However, these systems have limitations, and false alarms occur from time to time. More importantly, they only respond to earthquakes that have already occurred, so we cannot predict earthquakes like we predict the weather.

Many earthquake-prone areas will always be in a state of "anxiety and unease." An accurate prediction can allow us to do more risk management work, including shutting down power grids and evacuating residents.

In 2013, when I began pursuing my Ph.D. in seismology, the topic of earthquake prediction was considered unserious, just like searching for the Loch Ness Monster, not belonging to the mainstream field of research.

But just seven years later, the situation has changed a lot. When I started my second postdoctoral research in 2020, I observed that scientists in this field have become more open to the concept of earthquake prediction.At that time, I was involved in a project titled "Tectonic," which was using machine learning to advance the development of earthquake prediction. The European Research Council had full confidence in its potential and thus provided the project with a four-year grant worth 3.4 million euros.

Today, many respected scientists are taking the prospect of earthquake prediction seriously and making progress in their respective sub-disciplines.

Some are studying a type of "slow earthquake" activity along fault lines, which could be a useful indicator that a terrifying destructive earthquake is imminent.

Others hope to find clues from other data, such as seismic noise, animal behavior, and electromagnetic signals, to explore the possibility of issuing warnings before an earthquake begins.

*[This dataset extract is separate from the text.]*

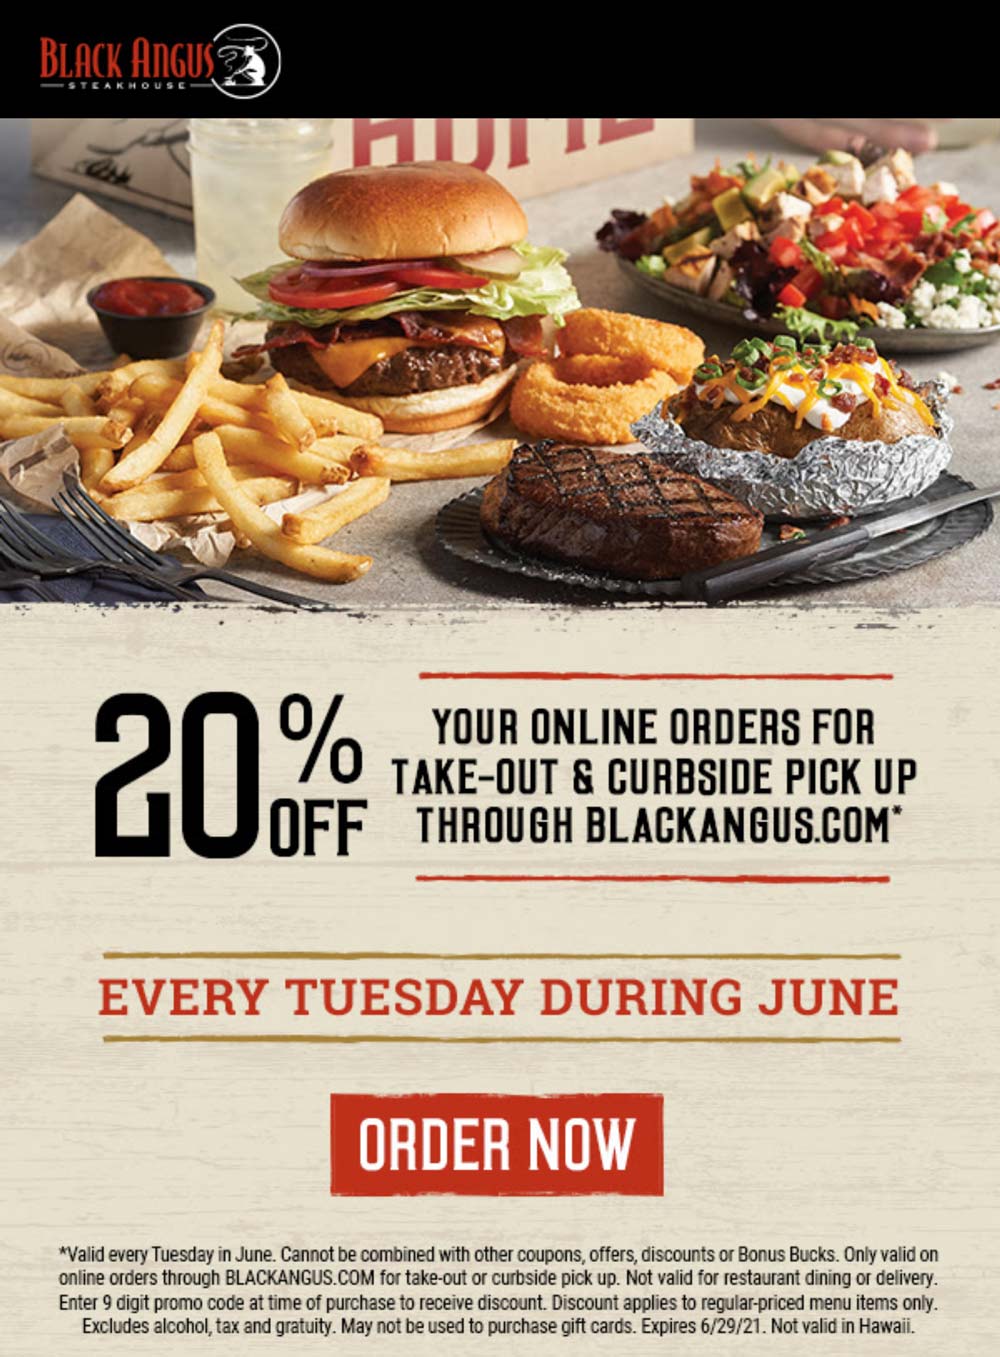 Black Angus restaurants Coupon  20% off takeout Tuesdays at Black Angus steakhouse via promo code 774-304-093 #blackangus

Seismology seems particularly opaque. Astronomers can observe stars, and biologists can observe animals. But those of us who study earthquakes cannot see underground, at least not directly.Instead, we use "substitutes" to understand what happens inside the Earth during crustal movements.

 

Seismology, which aims to study the seismic waves generated by the motion of the Earth's interior; geodesy, which aims to use tools such as GPS (Global Positioning System) to measure how the Earth's surface changes over time; paleoseismology, which aims to study the traces of past earthquakes hidden in geological strata.

 

There is still much that we do not know. In the 1960s, decades after the theory of plate tectonics was widely accepted, our understanding of the causes of earthquakes was far from beyond the idea of "stress accumulation to a critical threshold." The idea is that when stress accumulates to a critical threshold, it is released through earthquakes.

 

Different factors can make faults more likely to reach the threshold. For example, fluids have a huge impact: in the past decade, the injection of wastewater produced in the process of oil and gas production has led to a significant increase in tectonic activity in the central United States.

 

But when it comes to understanding what is happening on a specific fault line, humans are basically ignorant. We can construct an approximate map of the fault by using seismic waves and mapping the location of earthquakes, but we cannot directly measure the stress experienced by the fault, nor can we quantify the threshold of ground movement.For a long time, the best thing humans could do in terms of prediction was to understand the frequency of earthquakes occurring in specific areas. For example, the last earthquake that ruptured the entire San Andreas Fault in Southern California occurred in 1857.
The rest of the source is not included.